----- Recorded data

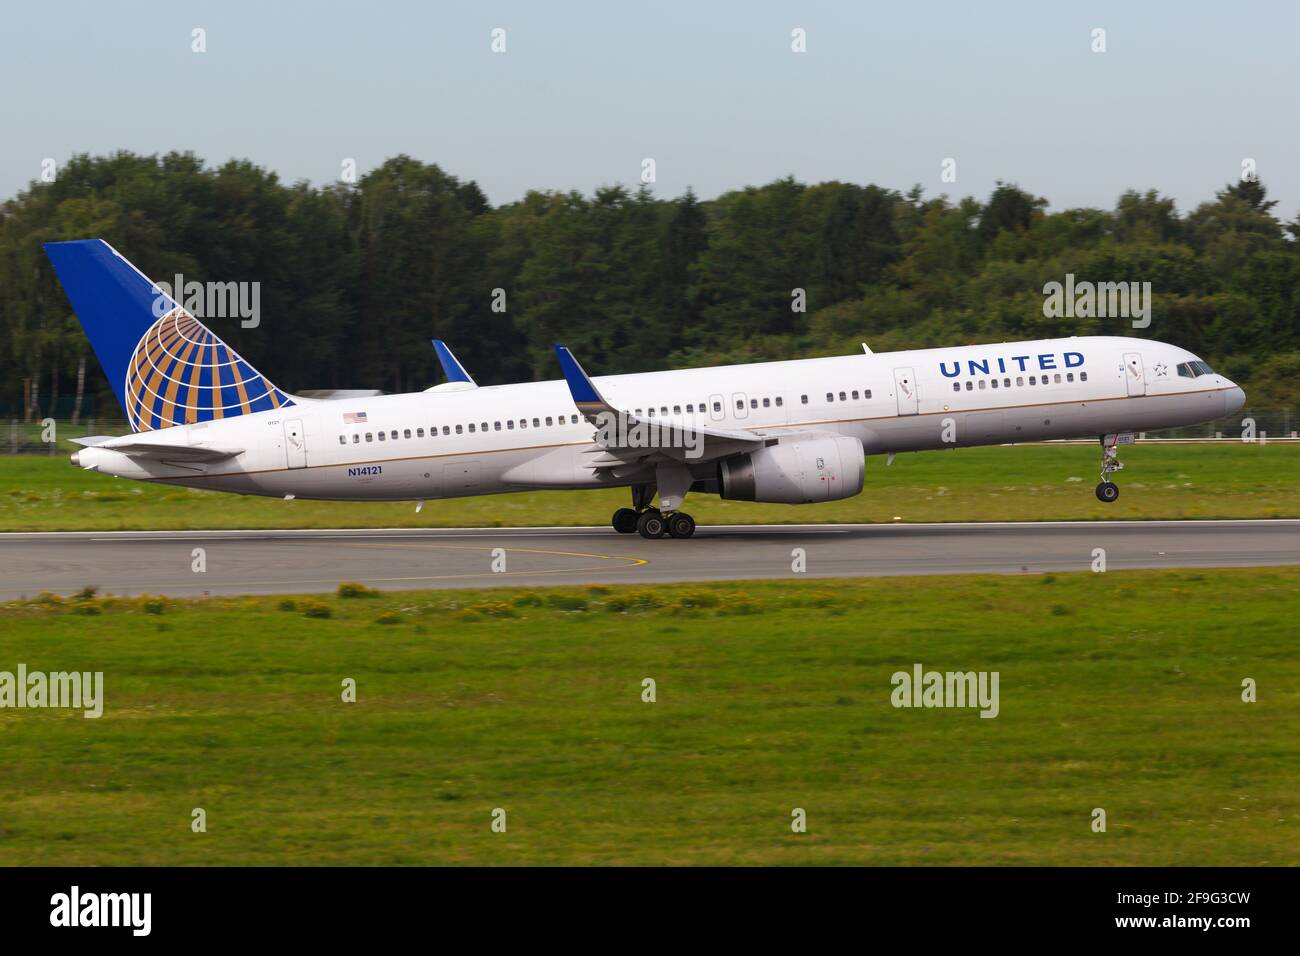 Hamburg, Germany - 03. September 2015: United Airlines Boeing 757-200 at Hamburg airport (HAM) in Germany. Boeing is an aircraft manufacturer based in Stock Photo
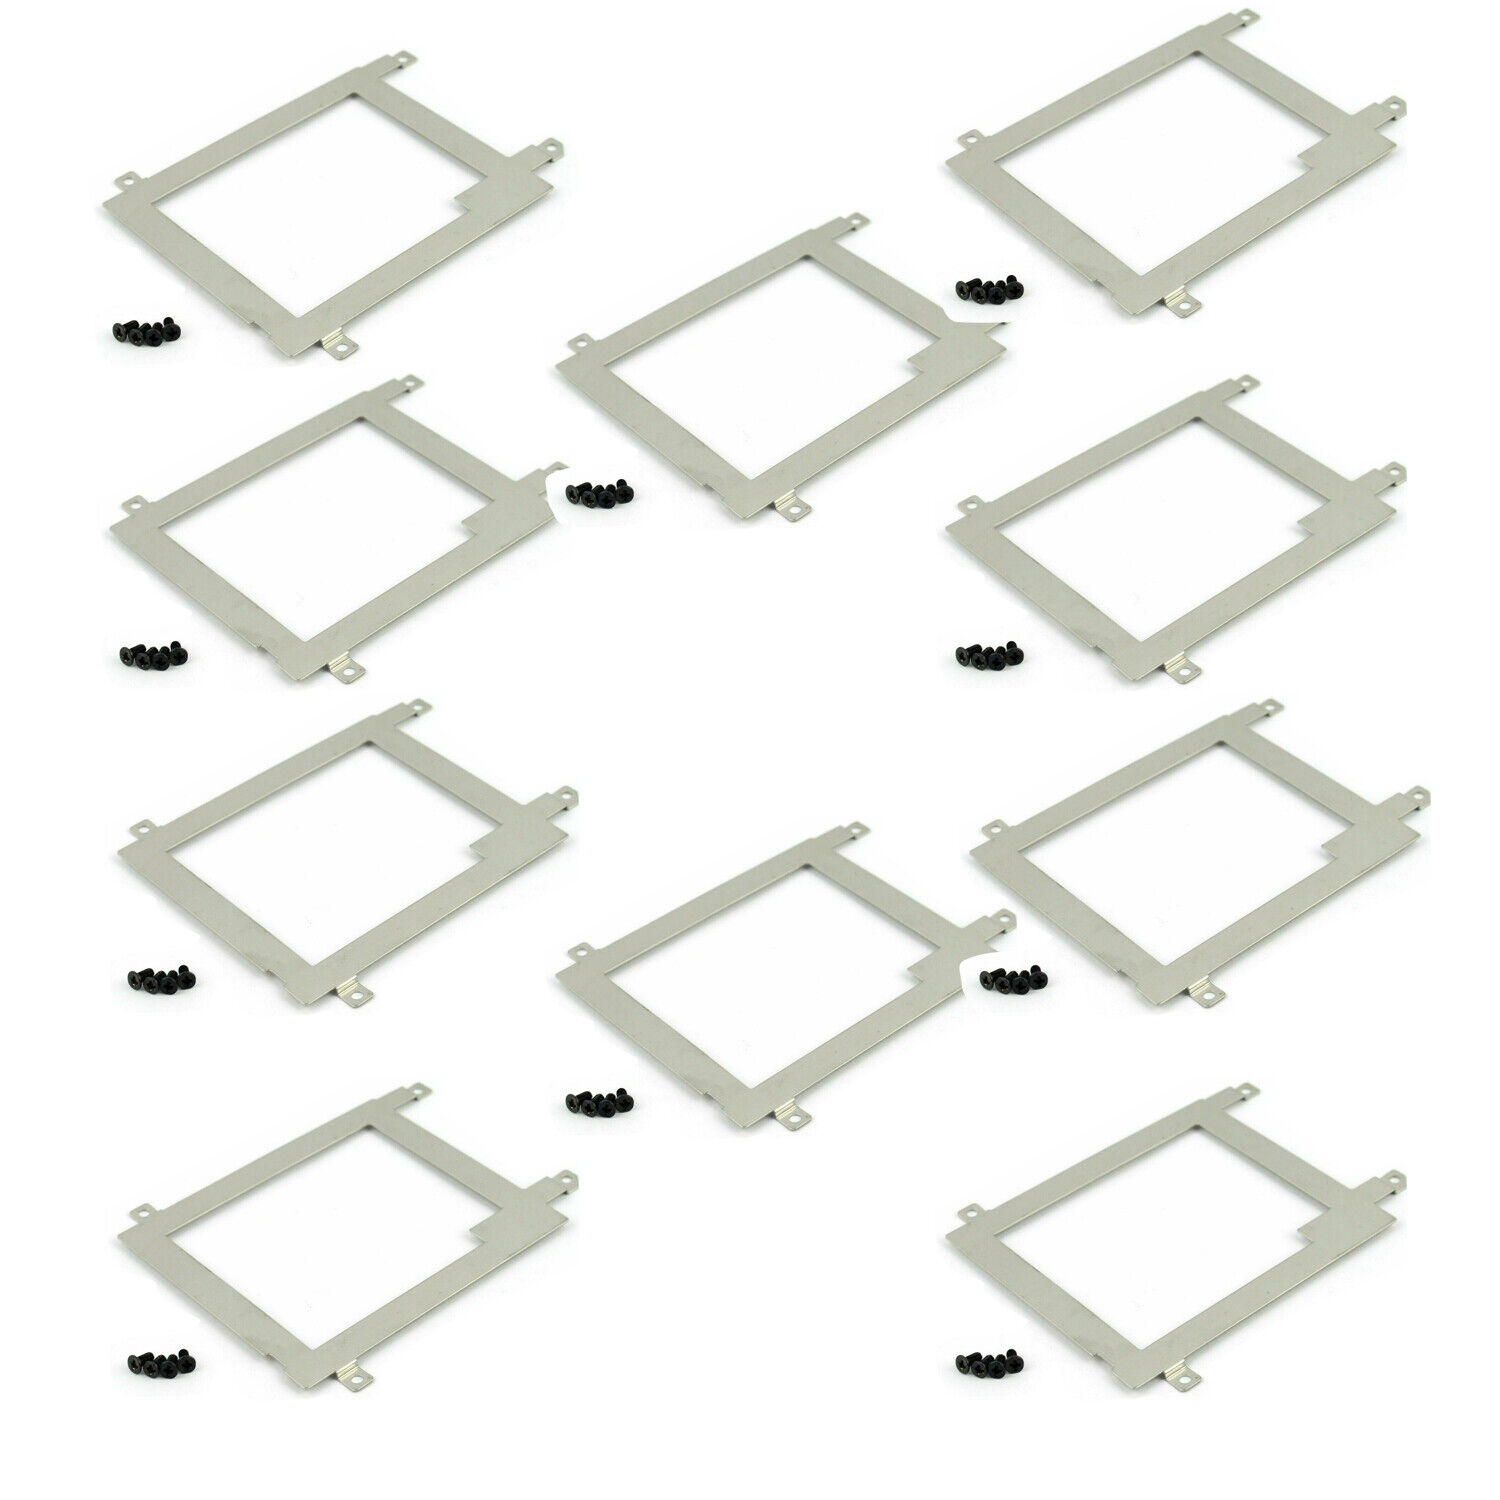 10X SATA Hard Drive HDD 5mm Caddy Frame Bracket for Dell Latitude E7450 E7440 Unbranded/Generic 0WPRM
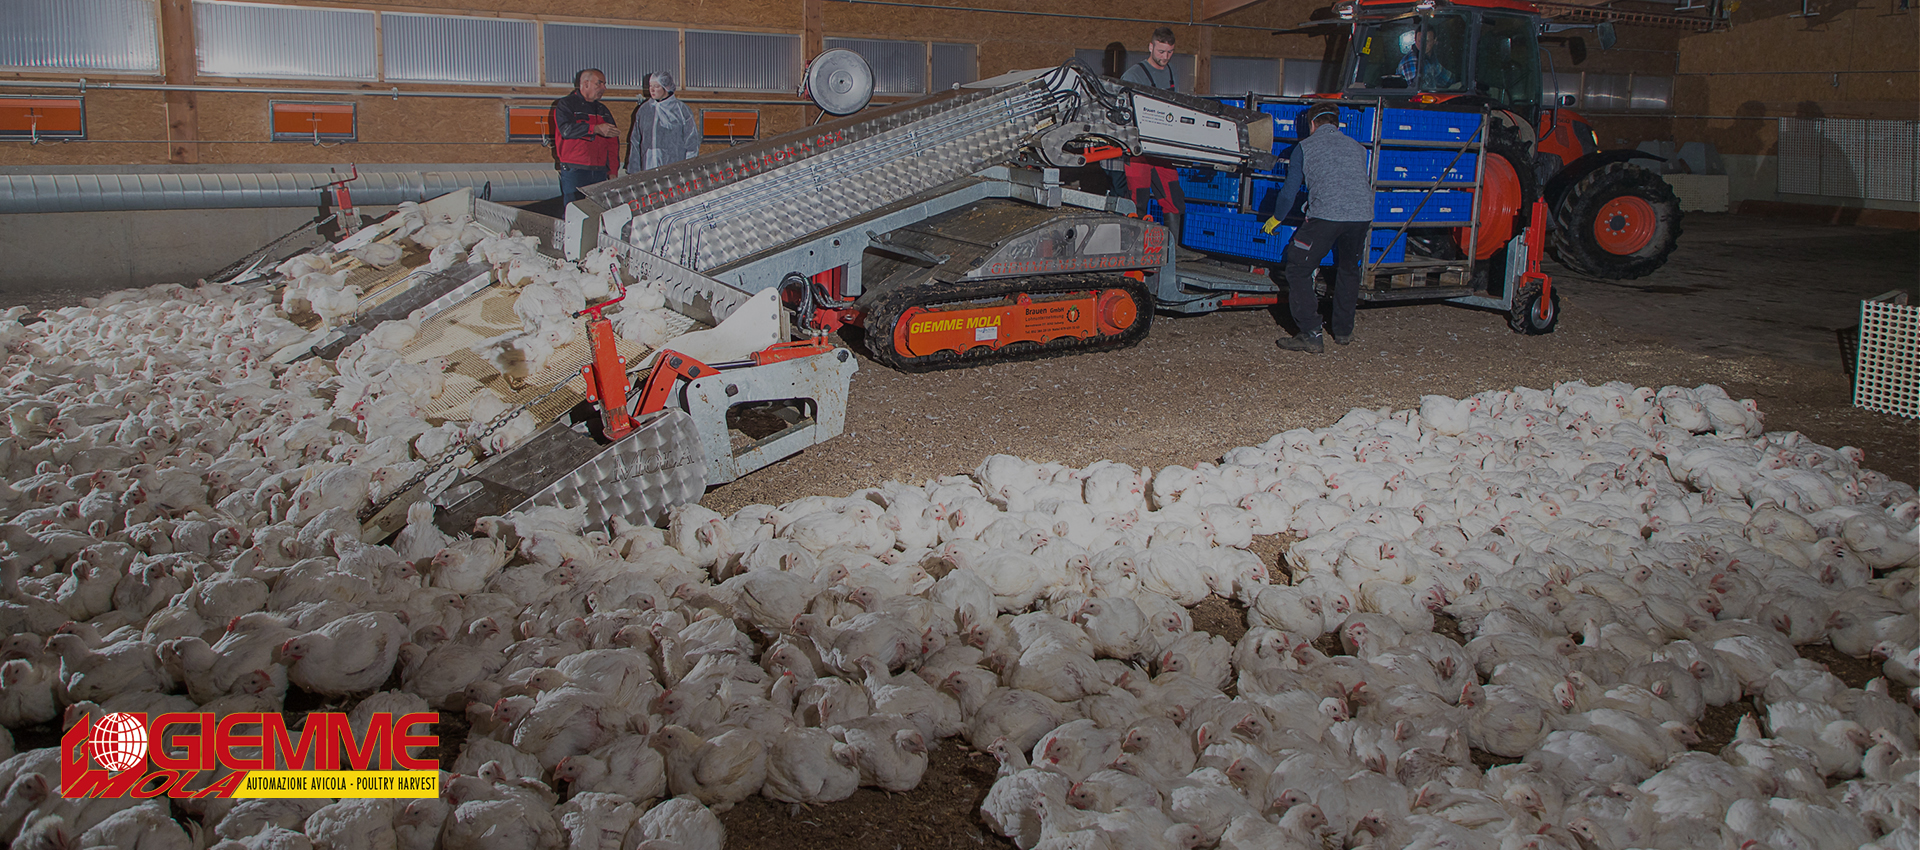 Chicken, Poultry Harvesting Machine for Broiler Farms

----------

▶ _Requirement_
Only the pictures stay behind; everything else in the data above is to be retyped exactly.

▶ _Output for this task_
 Hamburg, Germany - 03. September 2015: United Airlines Boeing 757-200 at Hamburg airport (HAM) in Germany. Boeing is an aircraft manufacturer based in Stock Photo
 10X SATA Hard Drive HDD 5mm Caddy Frame Bracket for Dell Latitude E7450 E7440 Unbranded/Generic 0WPRM
 Chicken, Poultry Harvesting Machine for Broiler Farms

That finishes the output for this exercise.